Retail Rap: The Grocery Evolution
There has been a lot of discussion in the last several years about the strength of the grocery sector. I think it’s clear that a big reason behind that success has been the evolution of different formats and the explosive growth of a new generation of grocery concepts that represent a significant departure from the traditional grocery model.
I’ve been thinking quite a bit about this lately — specifically about what it is that has worked for new grocery brands, and how grocery industry changes are affecting the traditional grocery chains: those traditional chains have typically maintained the highest market share in the business. These are the large store formats that offer strong mix of perishable items from meats, bakery and produce to non-perishable items such as canned foods, paper towels and frozen products: brands like Kroger, Weis Markets and Giant Food.

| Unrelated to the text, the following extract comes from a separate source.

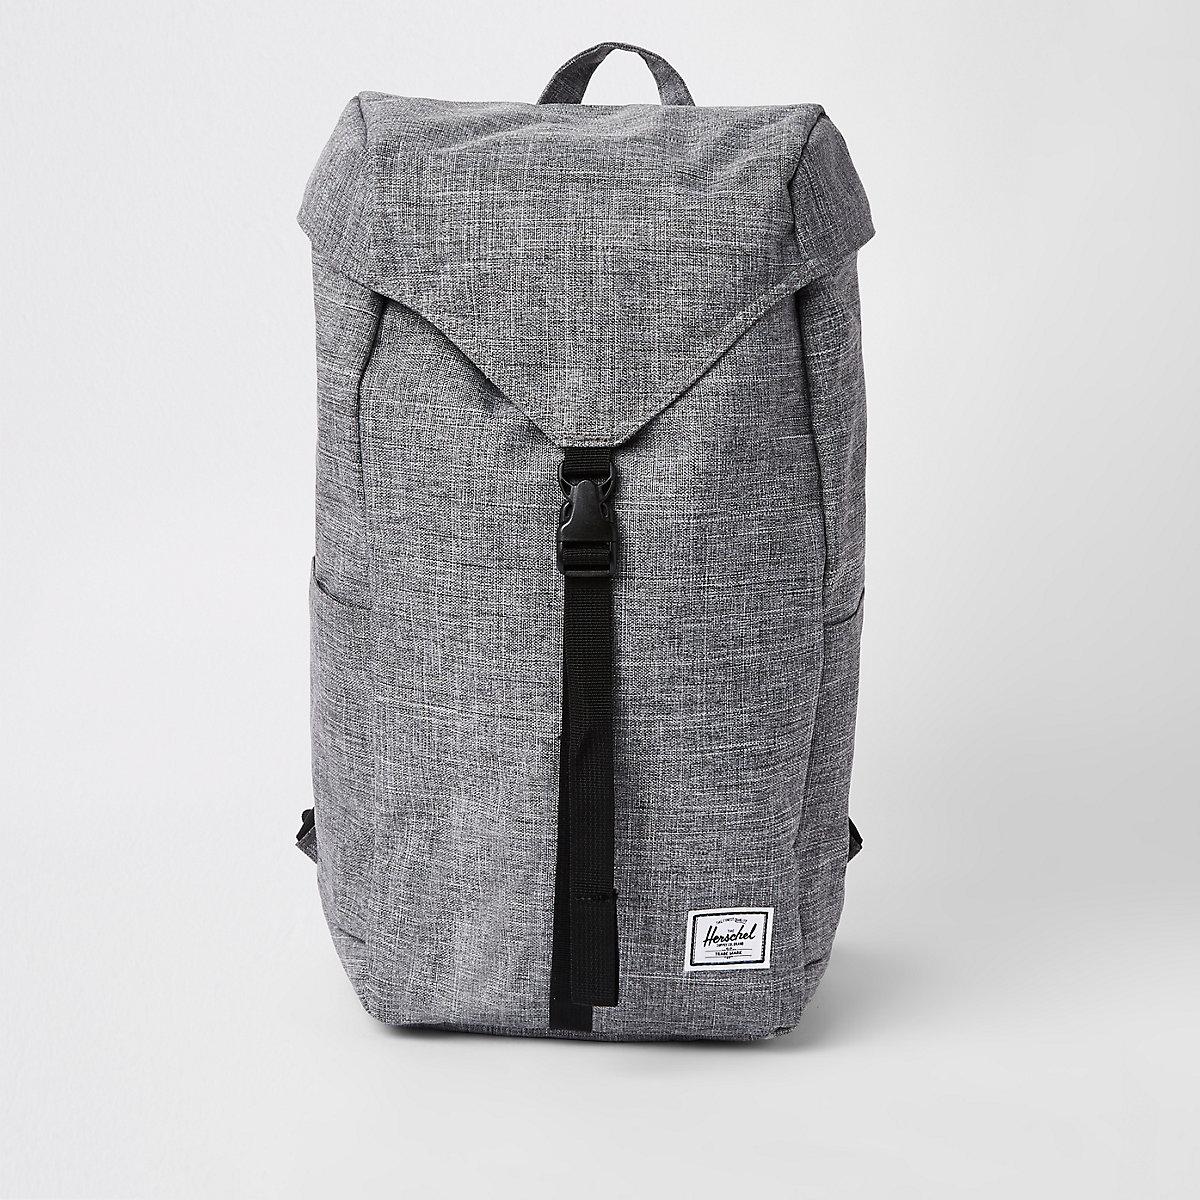 Herschel grey Thompson backpack
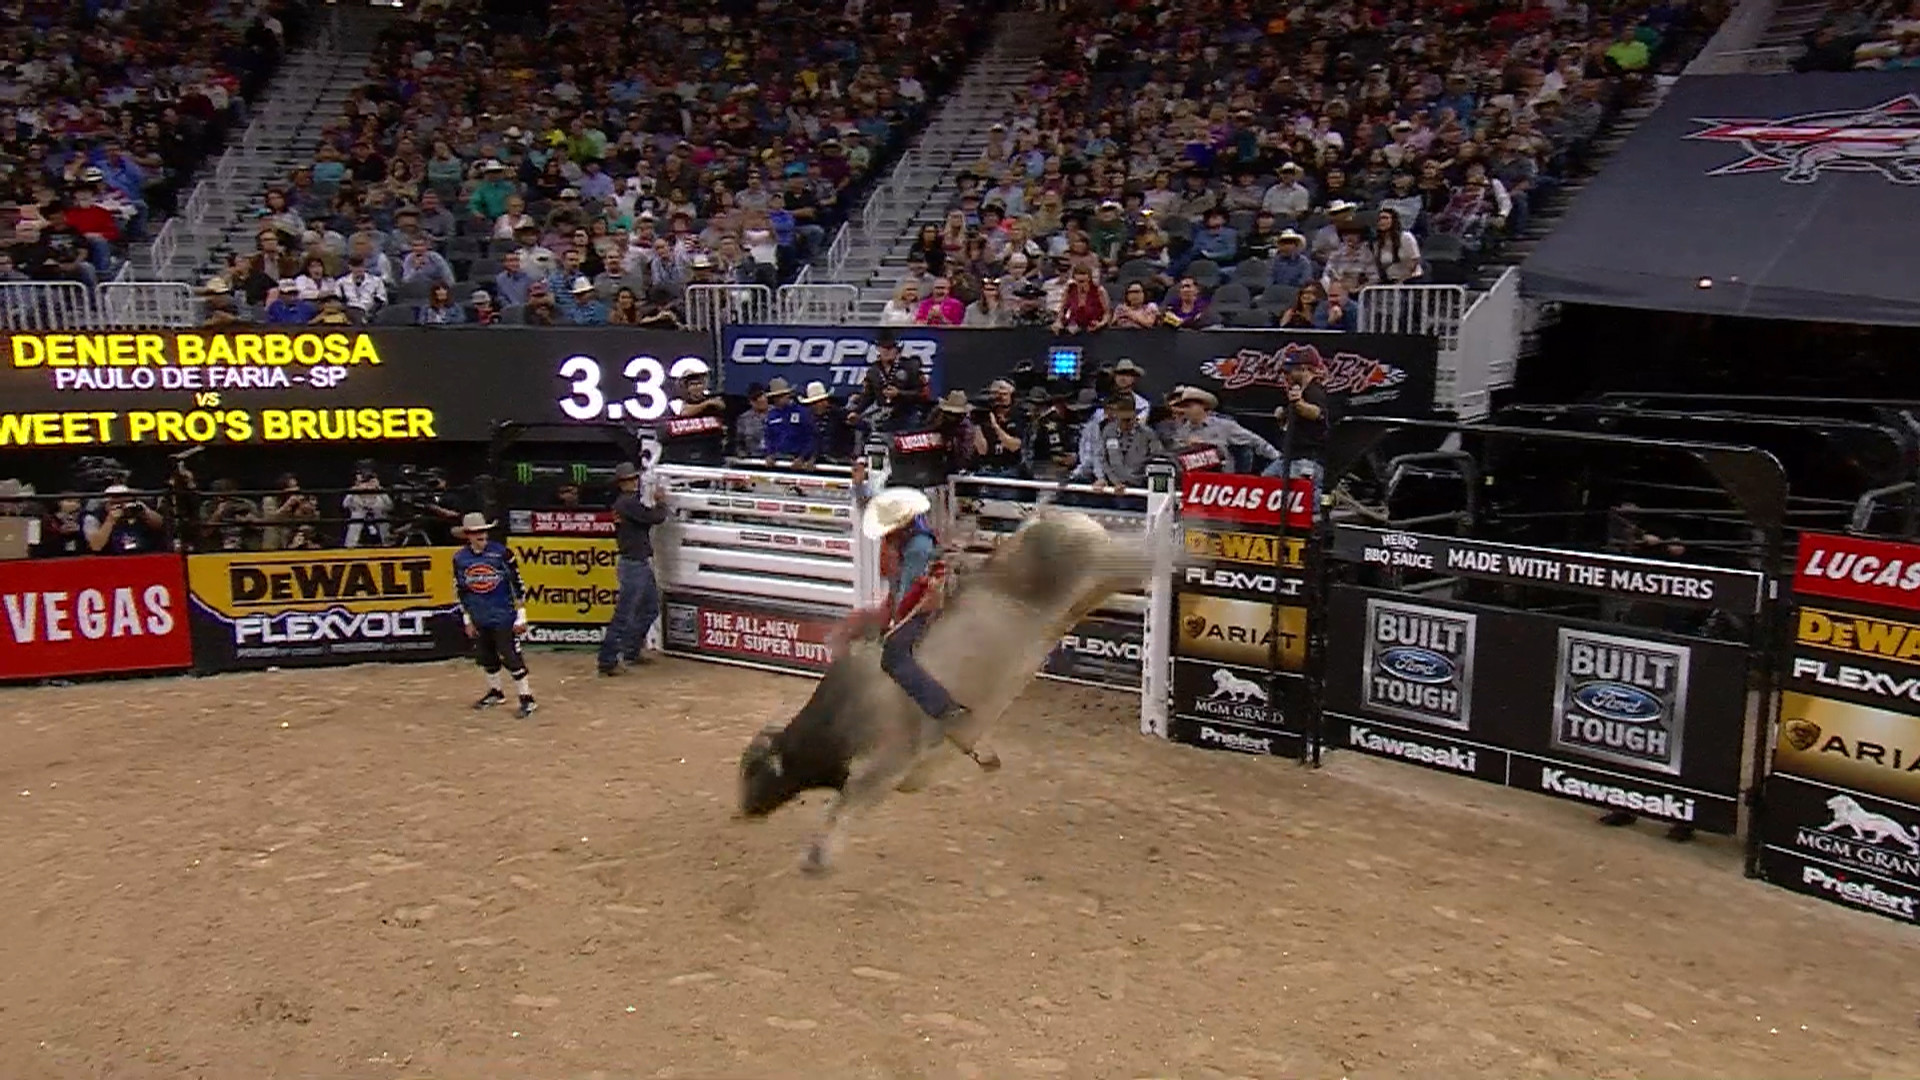 Pbr Bull Riding Wallpaper 69 Images

Remember, as recently as the 1980s, traditional grocery stores were all there really was in the grocery space. In the 1990s and 2000s, Walmart, Target, and even Kmart burst onto the scene, with new discount grocery options. While there are no more Super Ks, Target has a mix of stores that offer a full grocery selection, and Walmart is even more heavily invested: of the 4,177 Walmart locations today, 3,275 of those are Walmart Supercenters.
In the last decade or so we have seen the latest grocery concept added into the mix: the proliferation of specialty food stores and higher end market-style options. Some of those concepts established their own brands like Whole Foods, Trader Joe’s and The Fresh Market, but others are more farmer’s market oriented like Sprouts and Fresh Thyme.
That historical backdrop is all well and good, however, the big question is what does this mean for the grocery sector today — and what does it mean for the grocery sector tomorrow.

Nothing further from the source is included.